The employee had claimed that his superiors committed numerous violations of the law, including breach of contract, breach of the duty of good faith and fair dealing, breach of fiduciary duty, and violations of California’s Unfair Competition Law, and that he expressed his concerns about this conduct to his superiors directly and to others within the company. It was undisputed, though, that these individuals were already aware of the conduct in question. When the employee was fired after reporting his concerns, he filed a retaliation suit under the Minnesota Whistleblower Act.

According to the employer, it could not have violated the statute because the employee had not “blown the whistle”—he only reported the alleged misconduct to people who already knew about it. As support for this position, it cited Obst v. Microtron, Inc., a 2000 Minnesota Supreme Court decision, which held that the statute’s “good faith” provision requires a putative whistleblower “to act with the purpose of exposing an illegality.” The high court interpretation imposed a standard which turned on both the content of the report and the whistleblower’s purpose in making the report, and this requirement became part of the statute.

However, Obst was no longer good law. A 2013 amendment to the statute revised the definition of “good faith” to exclude “statements or disclosures” that are knowingly false or in reckless disregard of the truth—and abrogated the high court’s judicially imposed good faith standard. Noting that in Obst, it had merely filled a definitional gap in the language of the statute as to the meaning of “good faith,” the Minnesota Supreme Court said the legislature provided its own definition when it amended the statute in 2013—one that contradicts the high court’s reading. Noting too the presumption that the legislature intends to change the law when it amends a statute, the court held the plain language of the amended statute must control.
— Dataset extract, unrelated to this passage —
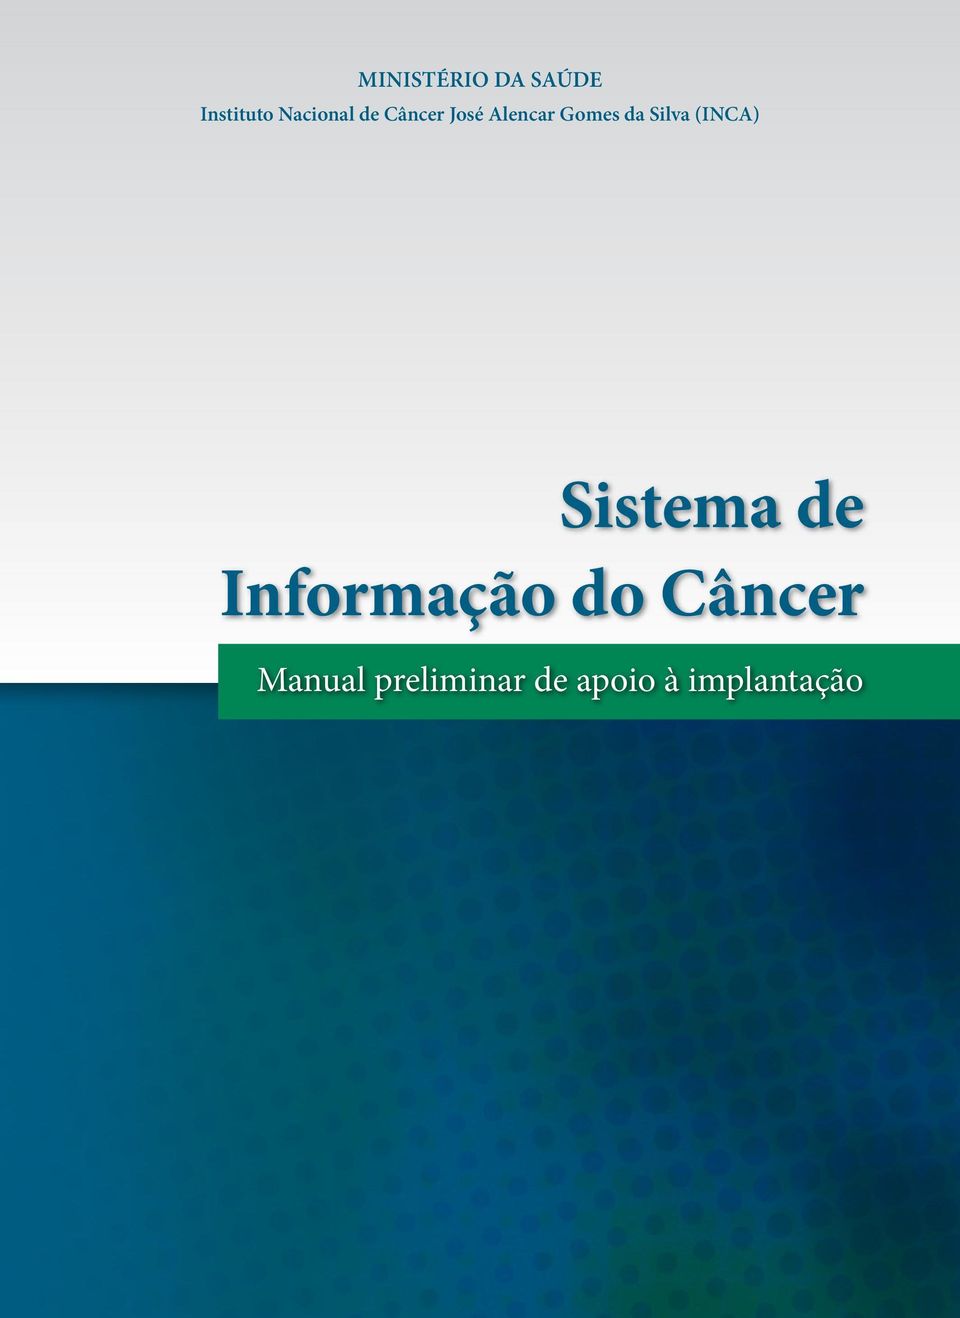 (INCA) Sistema de Informação do Câncer

Consequently, under the state whistleblower act, an individual makes a report in “good faith” as long as the report is not “knowingly false or made with reckless disregard of the truth.” As such, the purpose behind the report is no longer relevant to the inquiry; only the content of the report matters. The state legislature eliminated the judicially created requirement that a putative whistleblower act with the purpose of exposing an illegality, the high court held.